What you are asked to do: Produce the records below again, word for word, but stop after the line that contains "kalligrafie van allah".

(Stored records)
□ □ □ □

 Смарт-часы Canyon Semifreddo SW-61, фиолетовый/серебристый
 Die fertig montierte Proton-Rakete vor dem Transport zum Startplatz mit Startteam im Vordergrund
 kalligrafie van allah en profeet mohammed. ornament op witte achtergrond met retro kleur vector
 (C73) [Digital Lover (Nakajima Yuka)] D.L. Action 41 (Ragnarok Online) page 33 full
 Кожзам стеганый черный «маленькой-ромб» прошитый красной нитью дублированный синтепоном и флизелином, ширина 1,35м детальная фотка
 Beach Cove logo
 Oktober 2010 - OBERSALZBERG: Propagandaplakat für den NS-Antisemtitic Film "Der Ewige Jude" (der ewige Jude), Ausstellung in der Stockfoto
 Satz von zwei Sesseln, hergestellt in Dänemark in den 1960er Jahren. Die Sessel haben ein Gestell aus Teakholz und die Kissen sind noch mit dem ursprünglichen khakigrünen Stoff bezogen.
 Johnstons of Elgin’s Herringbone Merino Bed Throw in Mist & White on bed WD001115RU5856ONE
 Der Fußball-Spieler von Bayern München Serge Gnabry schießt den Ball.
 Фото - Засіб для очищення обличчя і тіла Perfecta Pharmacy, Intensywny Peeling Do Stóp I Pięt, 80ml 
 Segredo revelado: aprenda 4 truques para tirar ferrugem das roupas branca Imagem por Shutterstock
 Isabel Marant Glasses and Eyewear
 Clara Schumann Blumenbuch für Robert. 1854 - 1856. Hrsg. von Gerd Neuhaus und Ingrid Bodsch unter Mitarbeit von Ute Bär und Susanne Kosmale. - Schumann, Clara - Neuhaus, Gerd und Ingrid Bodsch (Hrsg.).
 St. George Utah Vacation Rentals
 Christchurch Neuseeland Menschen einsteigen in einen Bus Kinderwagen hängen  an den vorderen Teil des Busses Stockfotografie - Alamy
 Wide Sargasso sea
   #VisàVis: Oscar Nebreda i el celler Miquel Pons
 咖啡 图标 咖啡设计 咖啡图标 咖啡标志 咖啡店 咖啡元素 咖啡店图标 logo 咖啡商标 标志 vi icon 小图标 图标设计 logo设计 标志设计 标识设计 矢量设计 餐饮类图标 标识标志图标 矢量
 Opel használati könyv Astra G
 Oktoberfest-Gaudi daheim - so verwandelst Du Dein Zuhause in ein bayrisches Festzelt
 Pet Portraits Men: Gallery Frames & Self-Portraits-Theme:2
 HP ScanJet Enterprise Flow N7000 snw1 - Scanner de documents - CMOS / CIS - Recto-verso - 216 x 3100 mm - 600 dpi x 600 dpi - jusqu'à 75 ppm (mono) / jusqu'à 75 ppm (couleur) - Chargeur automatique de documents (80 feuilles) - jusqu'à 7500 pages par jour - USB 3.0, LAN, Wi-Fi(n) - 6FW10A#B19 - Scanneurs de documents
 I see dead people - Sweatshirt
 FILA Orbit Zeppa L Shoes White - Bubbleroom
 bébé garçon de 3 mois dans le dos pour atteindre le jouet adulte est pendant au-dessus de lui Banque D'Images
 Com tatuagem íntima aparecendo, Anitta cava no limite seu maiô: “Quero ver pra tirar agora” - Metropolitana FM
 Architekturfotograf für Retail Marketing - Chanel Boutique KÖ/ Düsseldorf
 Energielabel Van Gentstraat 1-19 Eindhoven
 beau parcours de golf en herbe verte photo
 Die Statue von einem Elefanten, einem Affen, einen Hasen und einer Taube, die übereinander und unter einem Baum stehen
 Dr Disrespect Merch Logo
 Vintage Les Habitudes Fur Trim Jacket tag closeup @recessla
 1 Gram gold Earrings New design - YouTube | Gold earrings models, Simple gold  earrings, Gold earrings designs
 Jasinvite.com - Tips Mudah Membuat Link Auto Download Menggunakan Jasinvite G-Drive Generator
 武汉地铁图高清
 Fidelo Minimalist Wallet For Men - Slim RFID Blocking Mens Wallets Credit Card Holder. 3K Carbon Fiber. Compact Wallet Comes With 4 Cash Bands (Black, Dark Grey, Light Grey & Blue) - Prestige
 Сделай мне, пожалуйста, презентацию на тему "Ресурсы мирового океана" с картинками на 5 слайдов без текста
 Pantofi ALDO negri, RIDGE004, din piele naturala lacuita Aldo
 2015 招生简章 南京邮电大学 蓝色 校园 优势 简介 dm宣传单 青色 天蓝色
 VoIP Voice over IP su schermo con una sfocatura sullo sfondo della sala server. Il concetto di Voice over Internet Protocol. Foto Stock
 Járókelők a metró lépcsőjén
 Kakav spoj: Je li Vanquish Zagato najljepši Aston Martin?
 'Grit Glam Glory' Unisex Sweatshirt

□ □ □ □

Response for this exercise:
 Смарт-часы Canyon Semifreddo SW-61, фиолетовый/серебристый
 Die fertig montierte Proton-Rakete vor dem Transport zum Startplatz mit Startteam im Vordergrund
 kalligrafie van allah en profeet mohammed. ornament op witte achtergrond met retro kleur vector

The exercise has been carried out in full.